Six hundred goals and counting.

Lionel Messi passed that almost unprecedented landmark last Sunday in typically magical style, swinging a free-kick past the grasping gloves of Atlético Madrid’s Jan Oblak to take Barcelona to the brink of the Spanish La Liga title. It was yet another unforgettable moment in the career of a player who has constantly pushed back the boundaries of the impossible and redefined what it means to star in professional football.

Judged by cold numbers, Argentina’s captain has already assured his place in history. Messi’s 600 goals have come in 747 games, a rate not far off a mythical goal a game. Along the way he has picked up eight La Liga titles, four Champions Leagues and a record five Ballon d’Or crowns.

Indeed, Barcelona’s domination of the sport in Europe over the last decade is almost unimaginable without the image of the club’s diminutive genius, wandering across the pitch clad in the number 10 shirt once made famous by Diego Maradona and bursting into action to devastating effect.

But bare statistics can never tell the full story. On paper, the comparisons made with Messi’s ready-made ‘rival,’ Cristiano Ronaldo, can perhaps be justified. But a cursory look at both players at their best shows up the connection for the fallacy as it is: Messi is on another planet, playing a different game than the Real Madrid man.

Ronaldo, make no mistake, is an extraordinary goal-scorer, and merits all the praise and adoration in which the Portuguese striker so clearly revels. But he is merely a talented exponent of the game, his feats liable to be matched or even overtaken in the decades to come. It is difficult to imagine at this point any player who could come close to what Messi has achieved.

Leo does not merely excel at the game of football. He has transformed it. Quiet, introverted and visibly uncomfortable in the public eye, nothing about the little Rosario native suggests stardom. But when he steps out onto the pitch Messi is in his natural habitat, an arena in which he feels completely in control, and confident of his ability to do things mere mortals could not even conceive.

‘INCOMPARABLE’

Like fellow adopted Catalan Pablo Picasso, he learned to perfection the rules and conventions of football only to flout them in spectacular fashion, deconstructing the sport and rebuilding it in his own image. The result is a talent which is abstract and unique, impossible to replicate, a combination of physical, mental and technical ability unmatched on planet Earth. As Argentine World Cup winner Jorge Valdano points out, often his compatriot need not even break out of a trot in order to impose himself.

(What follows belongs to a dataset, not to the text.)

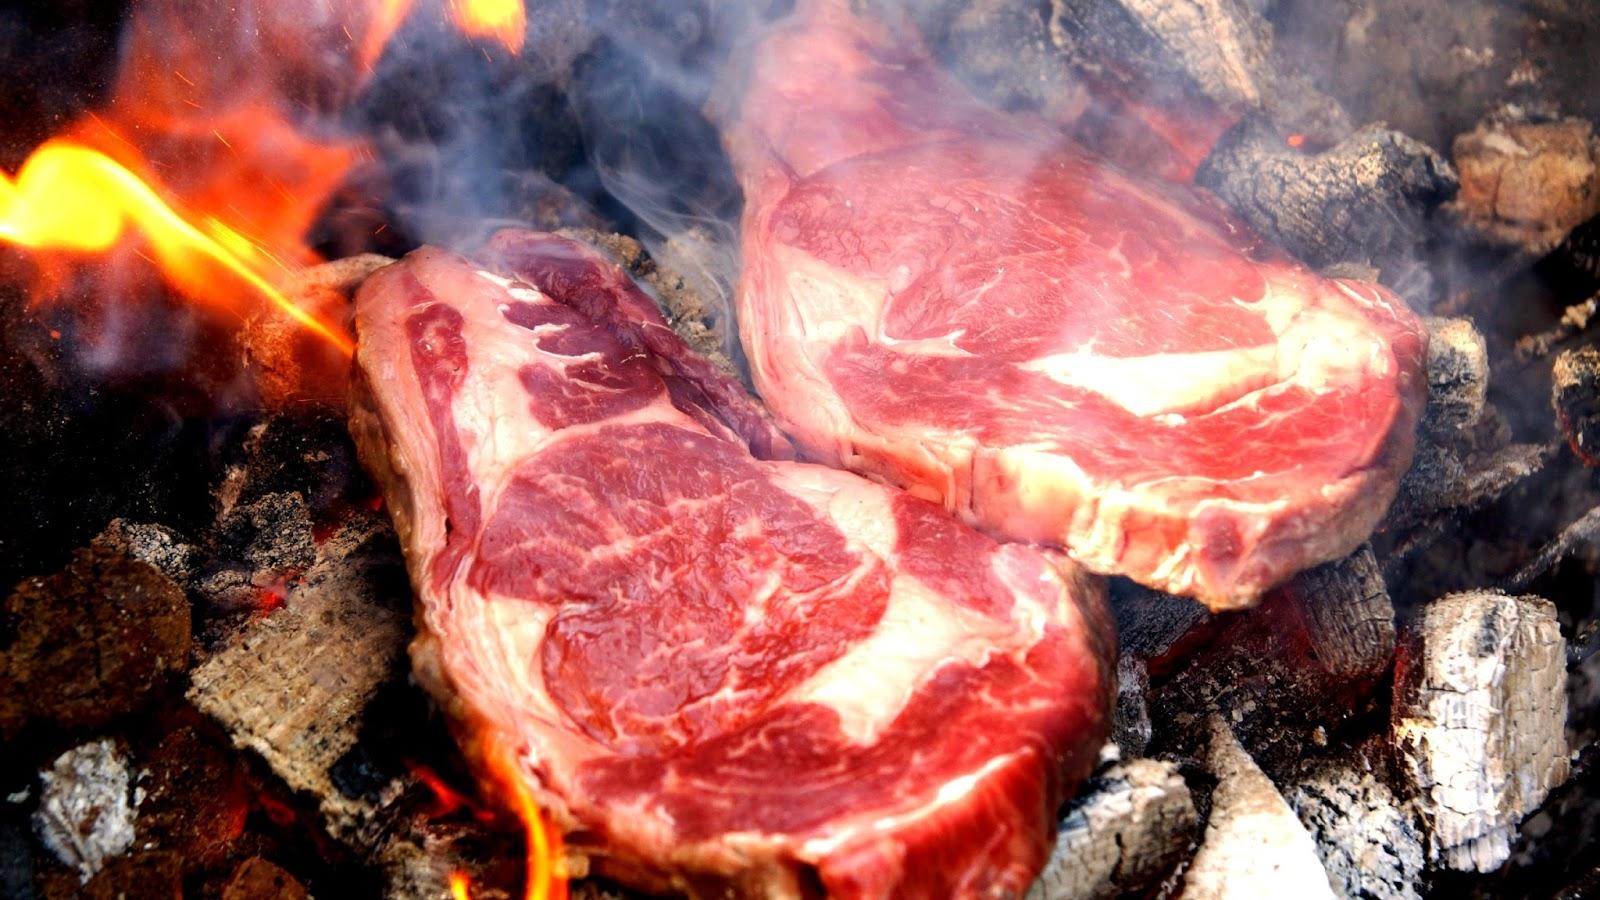 caveman steak

“The best in the world is Messi; the second best is Messi, injured,” Valdano explained back in 2013. “He was born to play football, he is the first genius of the 21st century. He is incomparable.”

Five years later and the former Real Madrid manager’s praise had grown even more effusive: “Barcelona played well [against Atlético] but Messi is the one who always puts venom into their play. If Barca win La Liga, never before would he have played such a big part in a title as now. He does not even need to run, he is an observer. He walks and chooses the moment in which to make the difference.”

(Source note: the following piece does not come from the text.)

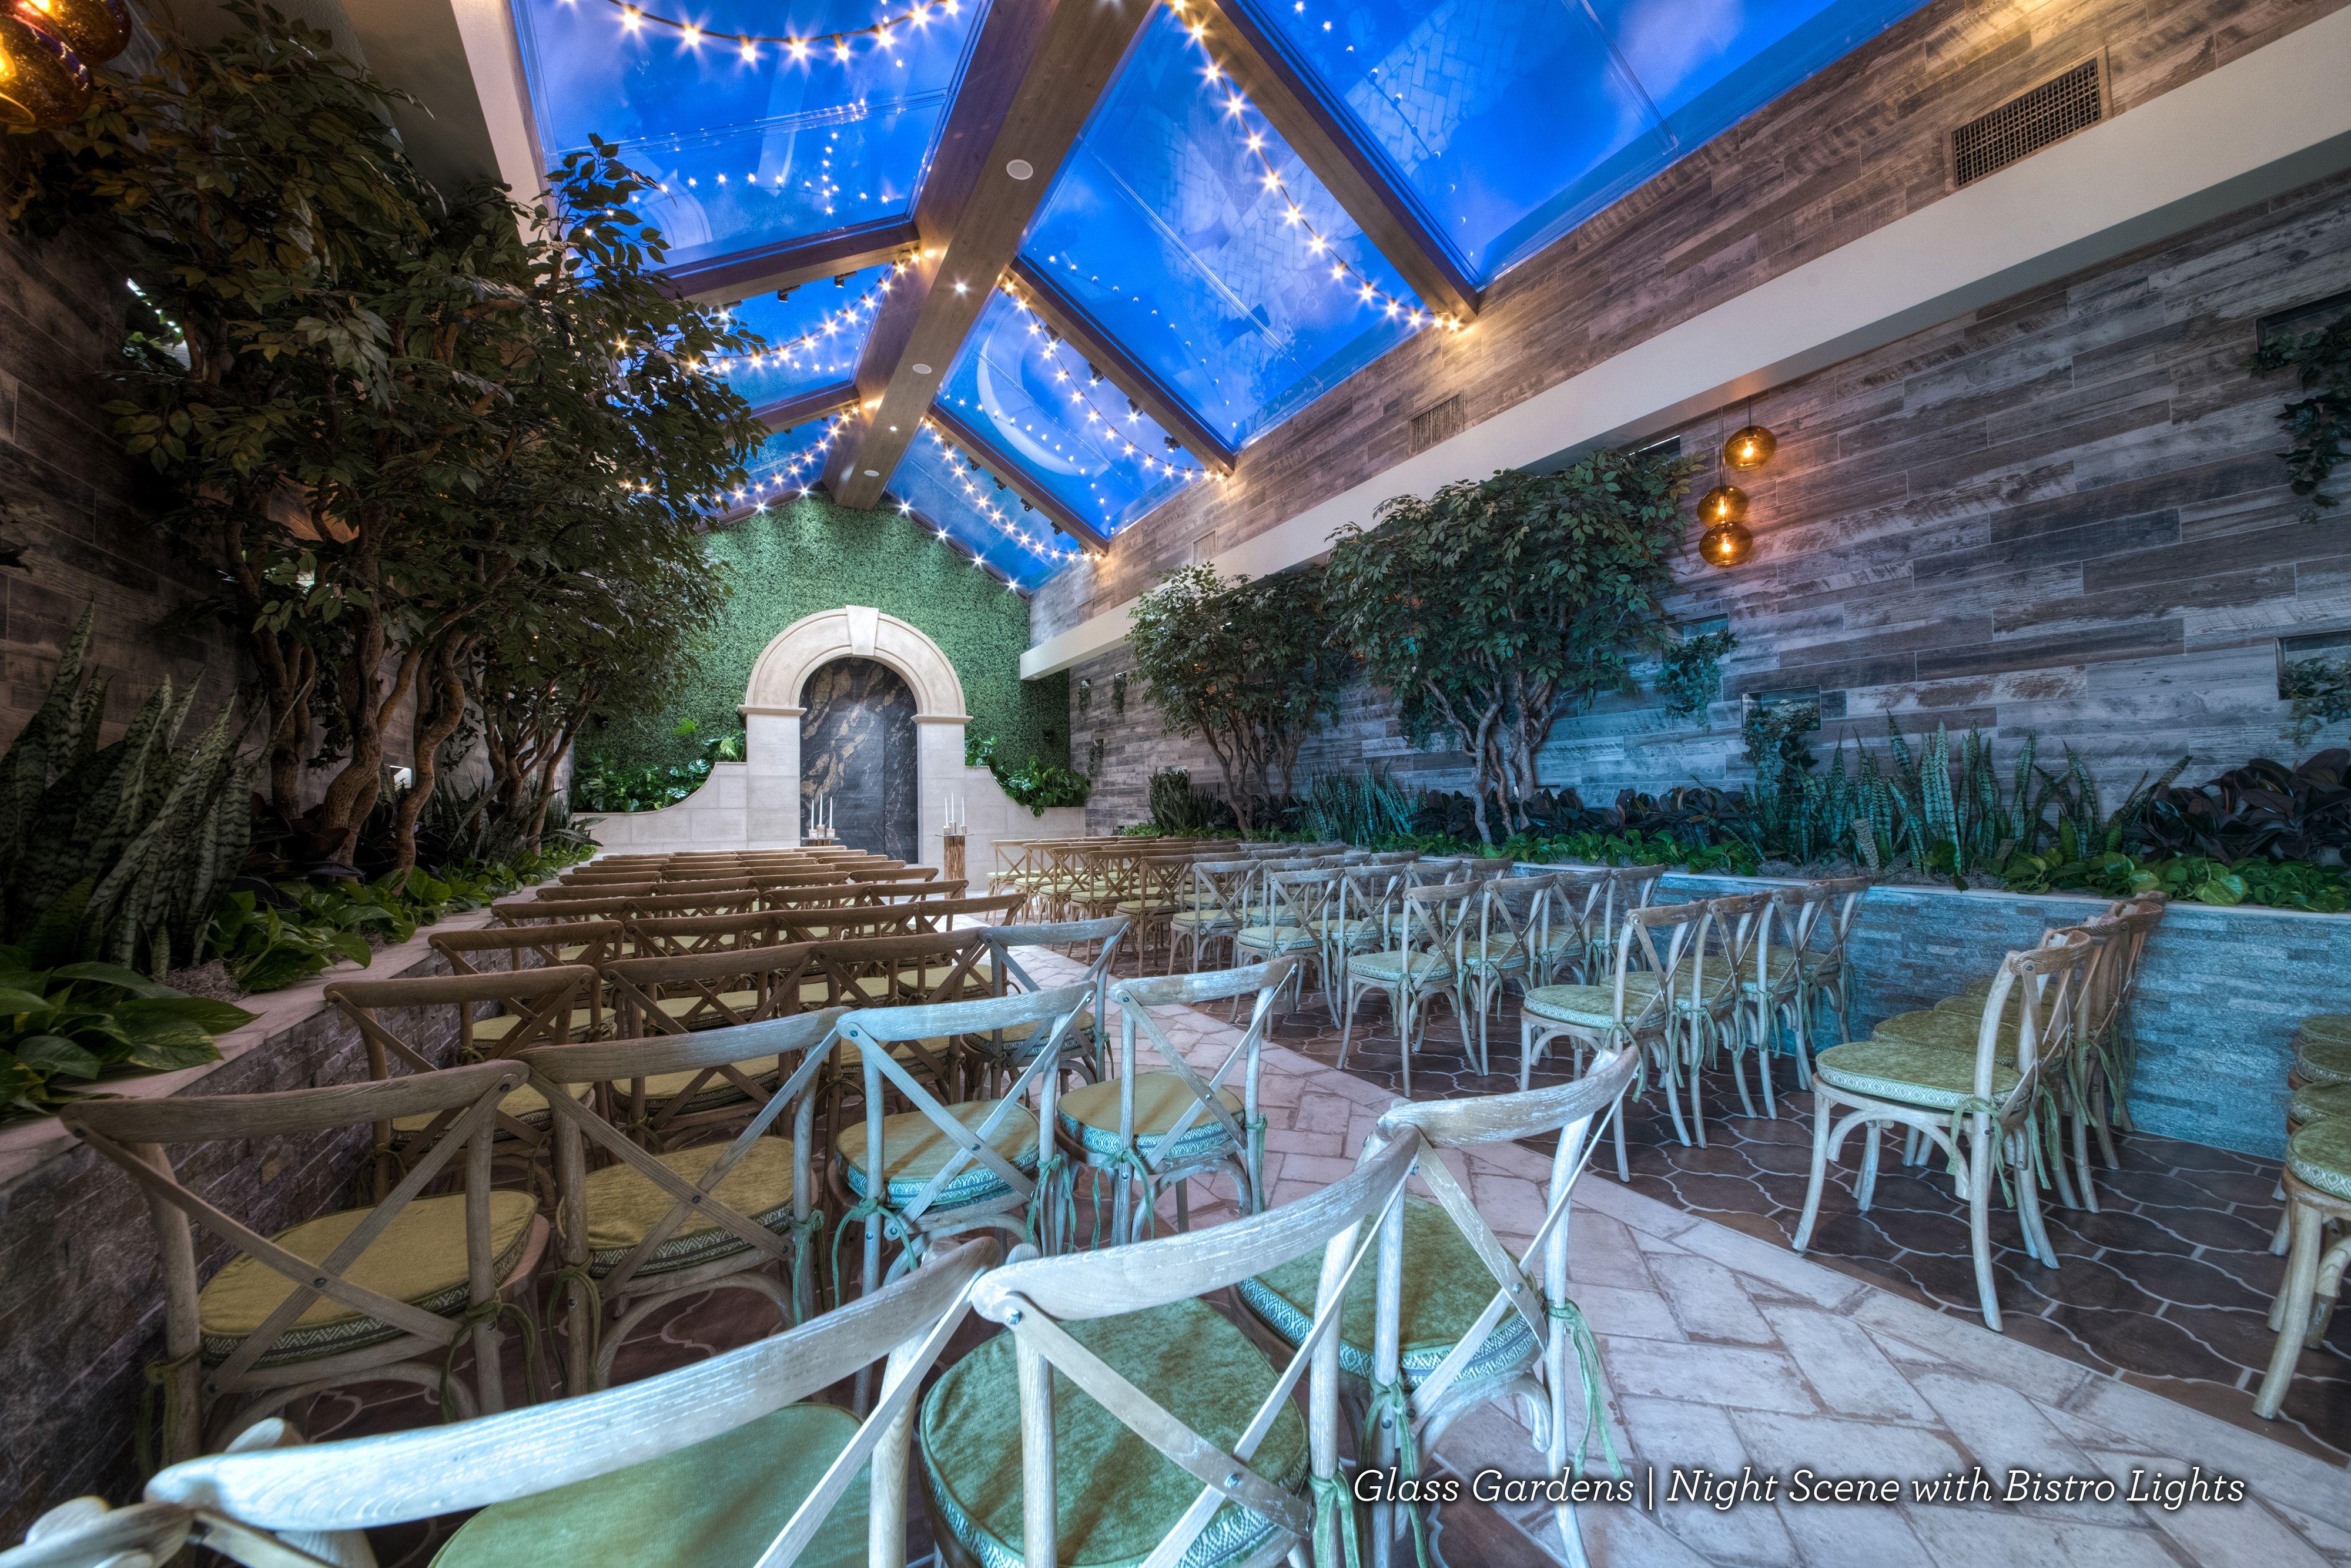 Rustic Chic Weddings Inspired By Barn Weddings Las Vegas Best Wedding Venue Is Chapel Of T Outdoor Wedding Venues Vegas Wedding Chapel Vegas Wedding Reception

It is ironic, then, that perhaps the last place on earth to fully embrace Messi-mania is his own home nation. Raised on memories of Diego Maradona and the little genius’ efforts in dragging the Selección almost singlehandedly to World Cup glory, Argentina fans have time and again grown impatient in waiting for Leo to deliver that same success.

No matter that pound-for-pound the national team, its spectacular attacking line-up aside, has been inferior to the 1986 vintage for the captain’s entire career: when the Albiceleste fall flat, the finger is often pointed at their star player. It is something that has exasperated Messi over the years, culminating in his aborted international retirement in 2016 that, thankfully for Argentina and for the entire football world, lasted a matter of weeks before he heeded the call to return.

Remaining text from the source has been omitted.